1. In this randomized clinical trial studying patients with prolonged disorder of consciousness (DoC), melatonin increased the level of consciousness in unresponsive wakefulness syndrome (UWS) patients.
Evidence Rating Level: 1 (Excellent)
Prolonged disorder of Consciousness (DoC) is a condition caused by brain injury, consisting of impaired arousal and/or awareness for longer than 4 weeks. Prolonged DoC is further categorized into 2 subsets: unresponsive wakefulness syndrome (UWS), where patients show no signs of awareness, and minimally conscious state (MCS), where patients exhibit minimal signs of awareness. Damage to the brainstem affects patients with DoC ability to sleep impacting recovery, as consistent sleep has been associated with better prognosis in patients with DoC. While some neuromodulation techniques and pharmacological interventions are currently used as treatments, their scopes and effectiveness are limited. Melatonin is a critical hormone involved in sleep regulation, with minimal side effects and dependency. There is a gap in research studying the effects of melatonin alone on individuals with prolonged DoC. To address this, the study used Electroencephalography (EEG), a cortical processing assessment tool, to examine the effects of melatonin on patients with DoC, with additional sleep patterns and behavioural assessments. This randomized, double-blind, parallel-group, placebo-controlled outpatient trial involved 46 participants divided into the melatonin group (n=24) and the placebo group (n=22). Patients with UWS showed better improvement in the melatonin group than in the placebo group (Fgroup*time = 6.86, P = 0.032; Fgroup = 4.03, P = 0.045; Ftime = 13.61, P < 0.001). This improvement was especially notable in visual scores (Fgroup*time = 7.03, P = 0.030; Fgroup = 4.90, P = 0.027). Patients in a UWS state in the melatonin group showed a higher relative spectral density in the alpha band of the frontal lobe compared to those in the placebo group (Ftime-mel = 4.55, P = 0.033). Some limitations of the study were its small sample size affecting generalizability, and lack of dosage variability. Overall, while not applicable to all DoC patients, those in the UWS category saw improved consciousness levels through regular melatonin use.

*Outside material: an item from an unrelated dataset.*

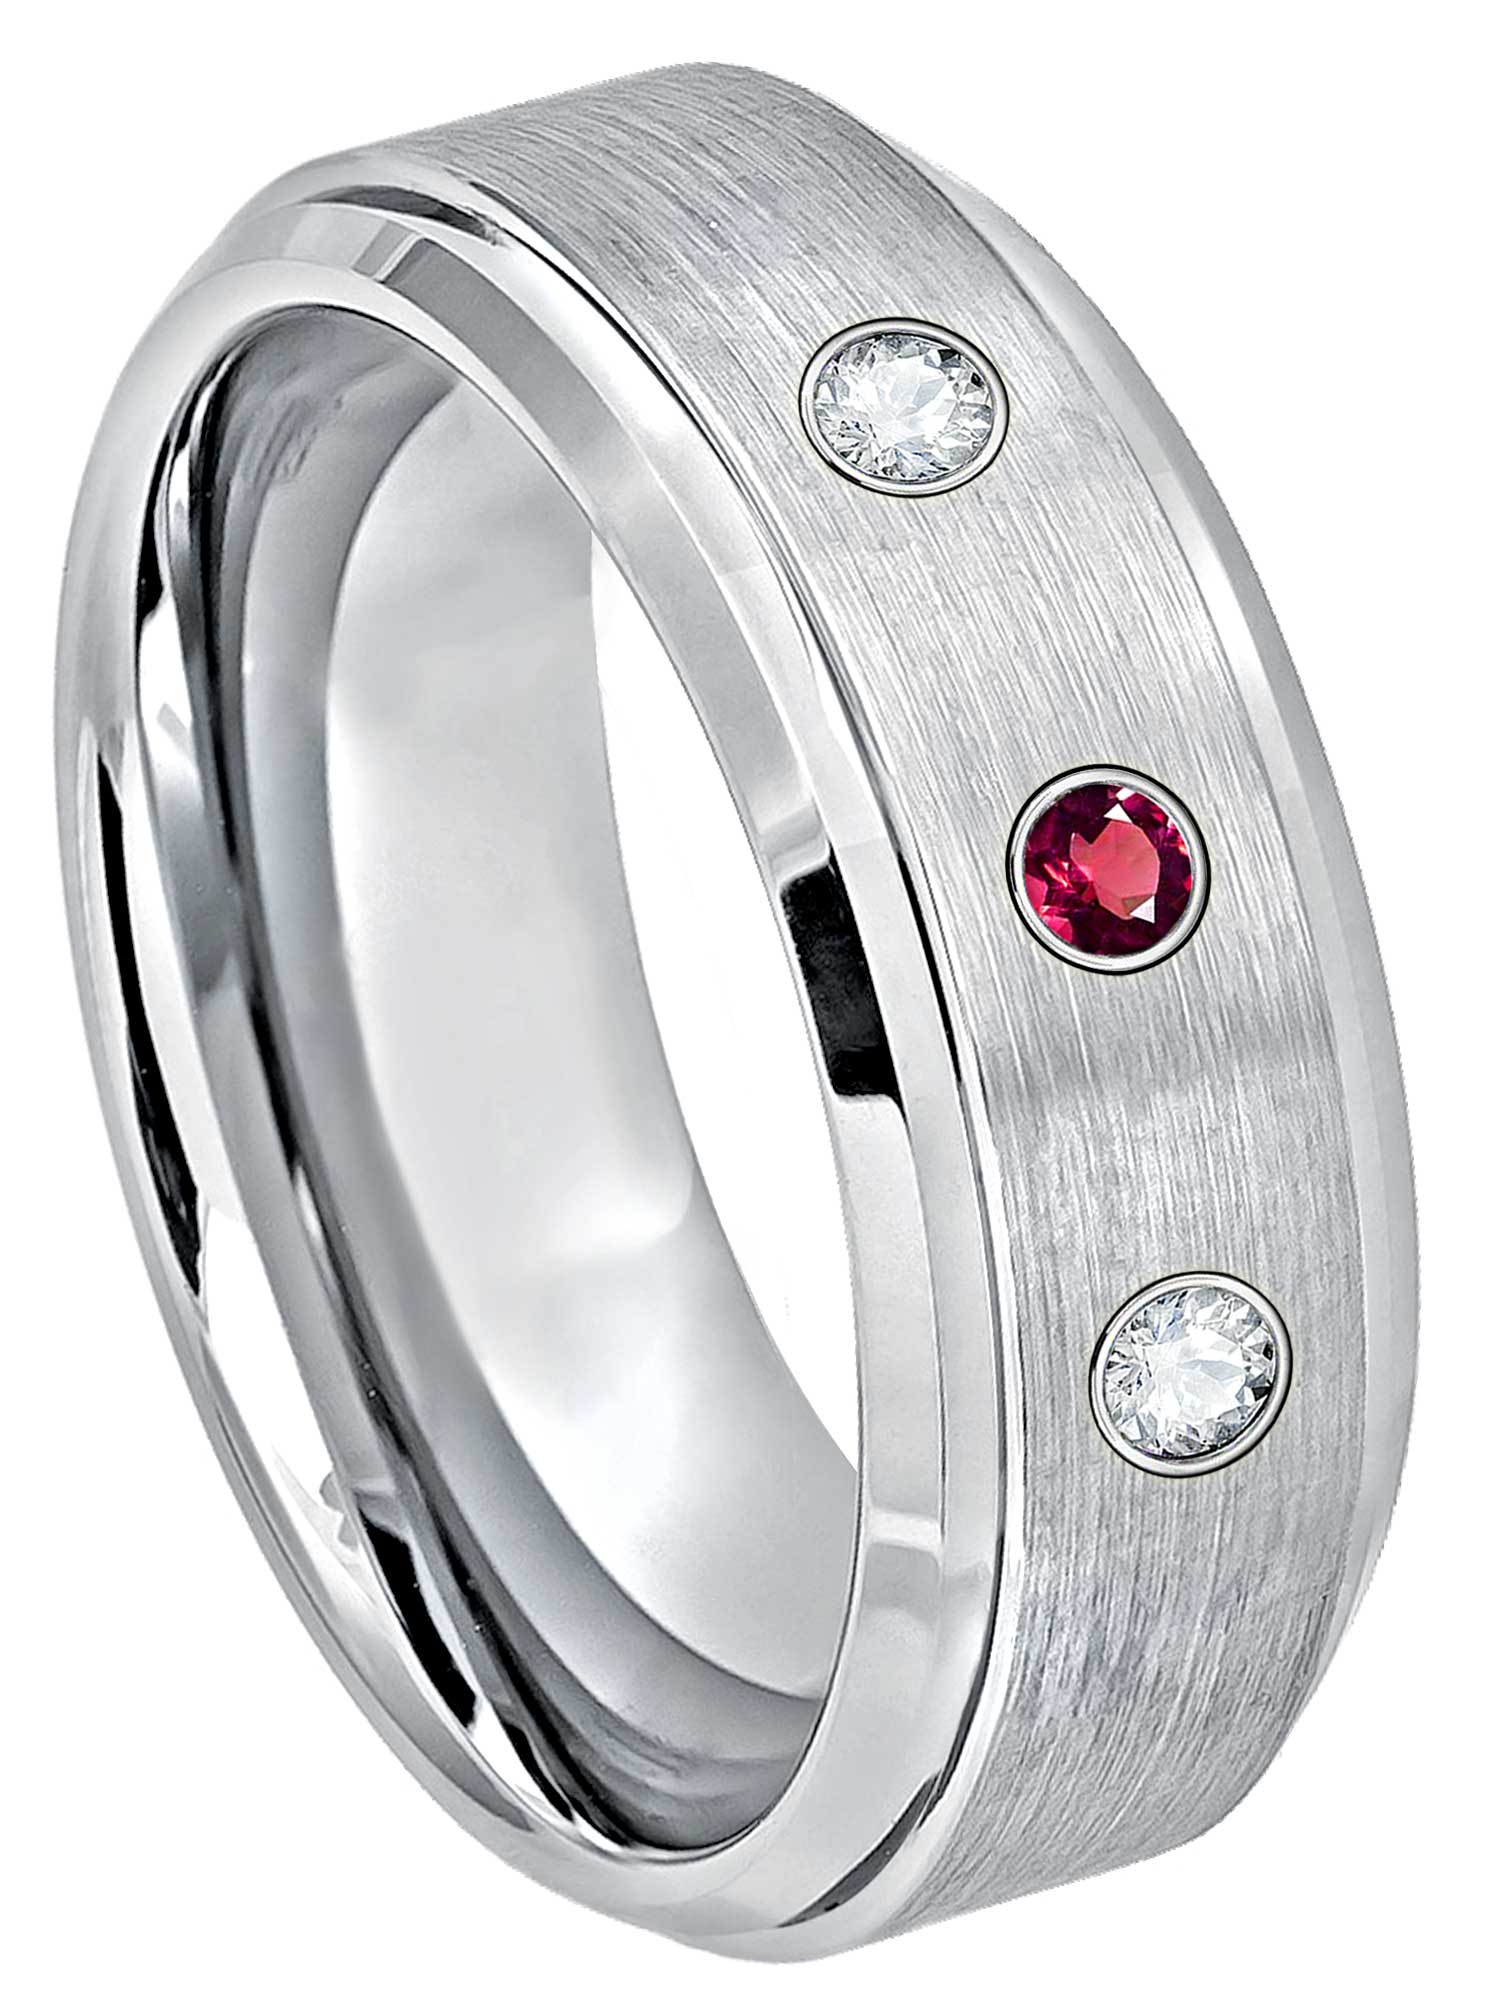 JEWELRY AVALANCHE 8mm Cobalt Ring Mens Wedding Band - 0.21ctw Ruby & Diamond 3-Stone Ring - July Birthstone Ring

Assessment of inflammatory biomarkers and incident atrial fibrillation in older adults
1. In a cohort of individuals aged 65 years or older, 5 biomarkers including IL-6, hsCRP, WBC, sTNFR1, and sIL-2R⍺ were significantly associated with an increased risk of developing atrial fibrillation (AF).
2. After adjusting for other inflammatory biomarkers simultaneously, all except one of the observed biomarker associations (IL-6) lost significance.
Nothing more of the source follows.